Weiden in der Oberpfalz
09.05.2026 - 10:36 Uhr

Blues, Groove und viel Spielfreude mit Chris B. auf der "Live Stage" im Weidener Parapluie

Mit Chris B. wurde der „Kulturbahnhof Parapluie“ am Freitagabend zur Bühne für einen facettenreichen Abend zwischen Blues, Jazz, Boogie Woogie und Soul.

Das Trio Chris B. auf der "Live Stage" im Kulturbahnhof. Bild: Kunz
Das Trio Chris B. auf der "Live Stage" im Kulturbahnhof.

Das Publikum erlebte ein Trio, das musikalische Erfahrung, Spielfreude und stilistische Offenheit überzeugend vereinte. Am Freitagabend wurde der „Kulturbahnhof Parapluie“ seinem Ruf als Ort lebendiger Konzertkultur erneut gerecht. Auf der „Live Stage“ gastierte Chris B. Mit dem Trio zog ein kraftvoller und zugleich geschmeidiger Sound durch den Saal, der schnell vom Zuhören zum Mittanzen animierte. Schon nach wenigen Stücken war spürbar: Hier stand keine Band auf der Bühne, die sich allein auf Routine verlässt. Hier spielten Musiker, die ihr Handwerk verstehen, einander Raum geben und aus jeder Nummer eine eigene Geschichte machen.

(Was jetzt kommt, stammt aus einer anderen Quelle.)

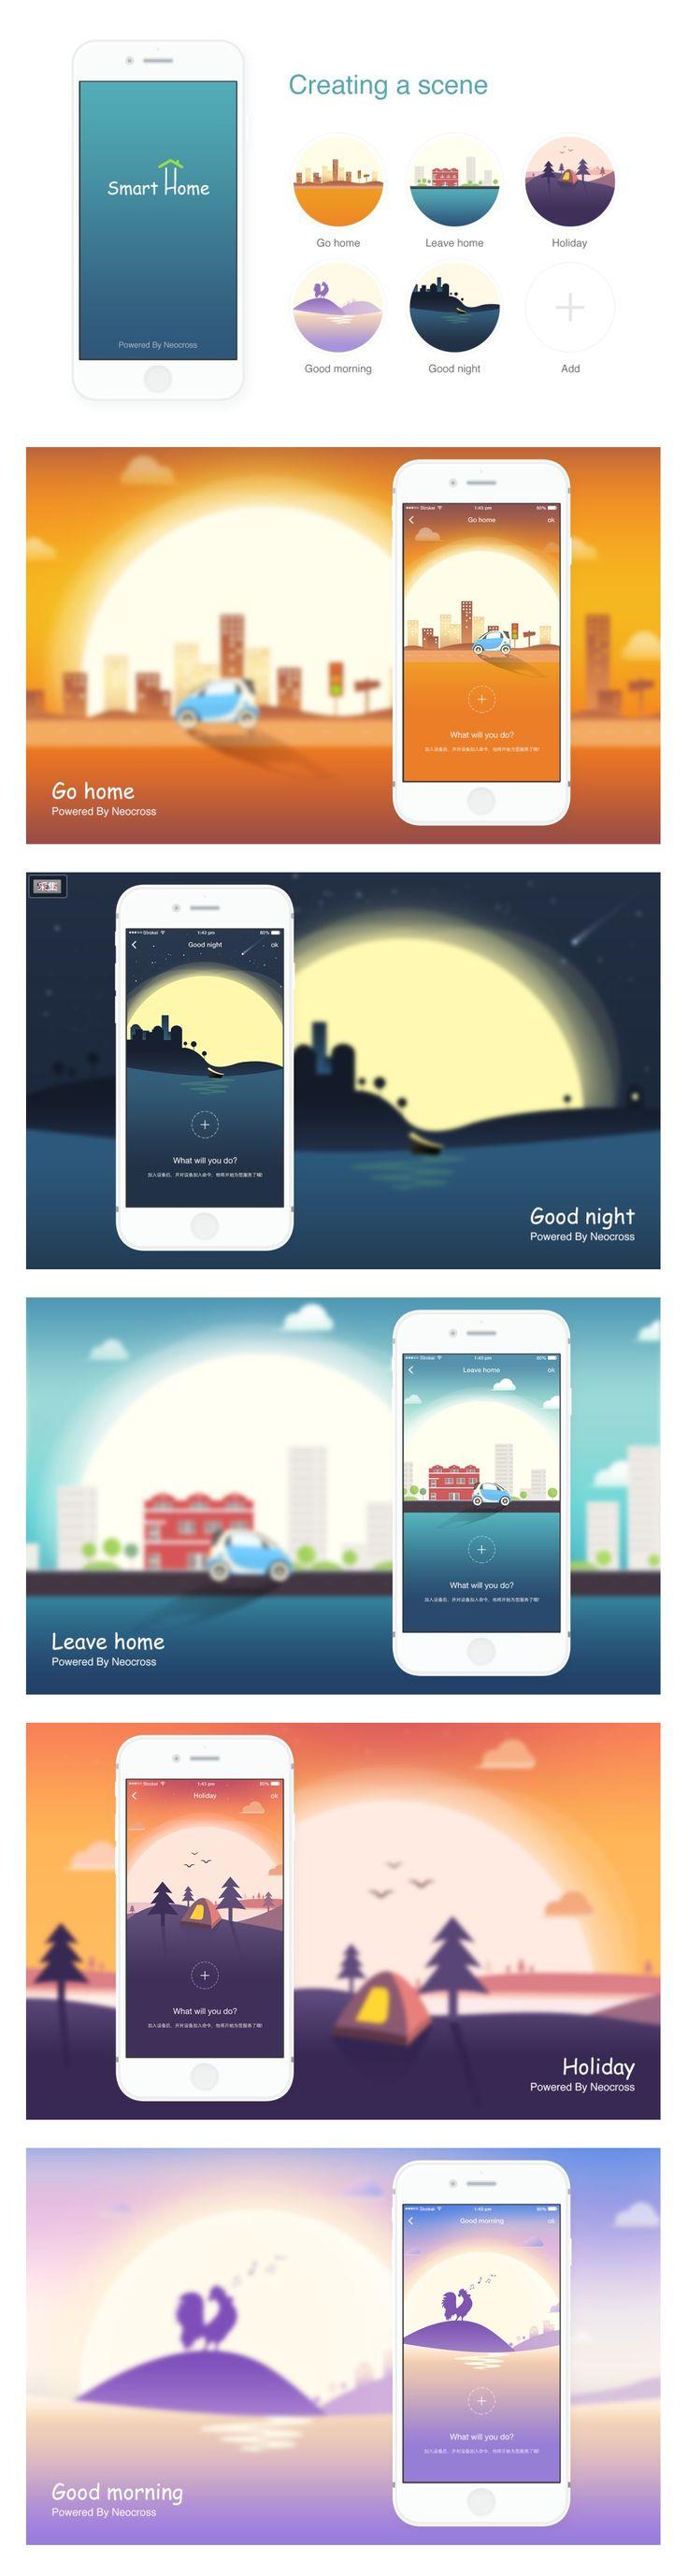 15 best app game images on pinterest flat design game design 1acace1fc53f2e43265bdb0c2a3d45ce png 976 3653 circle uimobile app designmobile

Hinter Chris B. steht der Sänger und Pianist Christian Jung. In der Bluesszene ist er seit Jahren bekannt. Als Begleitmusiker von Karen Carroll, Sydney Ellis, Jeanne Carroll und Debra Harris trat er auf Festivals in ganz Europa auf. In der Region kennt man ihn auch als Pianisten der „Alligators of Swing“, bei denen er seit vielen Jahren spielt. Diese musikalische Herkunft war im „Parapluie“ deutlich zu hören. Der Blues bildete das Fundament, doch die Stücke öffneten sich immer wieder in Richtung Swing, Jazz, Soul und Boogie-Woogie.

Gemeinsam mit Anselm Gayler am Schlagzeug und Udo Schwendler an Bass, Sousaphon und Saxofon bildete sich ein bemerkenswert geschlossenes Trio. Gayler setzte präzise Akzente und hielt den Rhythmus mit sicherem Gespür in Bewegung. Schwendler verlieh dem Klangbild mit sattem Bass und markanten Saxofonlinien zusätzliche Farbe. Im Zentrum stand jedoch Christian Jungs treibendes Klavierspiel, das durch eine Mischung aus Druck, Eleganz und Lockerheit den Abend prägte. Als langjähriger Pianist des Grand-Hotels Nürnberg und der Nürnberg-Messe konnte er sein Repertoire in der Vergangenheit erweitern.

Besonders eindrucksvoll zeigte sich das bei eigenen Titeln wie „The Nectar from the Cotton Fields“, „Hey Girl“, „Blow Top Blues“ oder dem heimatverbundenen „The Southside of Fürth“. Die Stücke wirkten nie schematisch. Mal waren sie rau und direkt, dann wieder melodisch, fast schillernd, mit jazzigen Farben und viel Raum für spontane Nuancen. Immer wieder gelang es dem Trio, Stimmungen zu verdichten und zugleich Leichtigkeit zu bewahren. Das Publikum dankte es mit sichtbarer Aufmerksamkeit.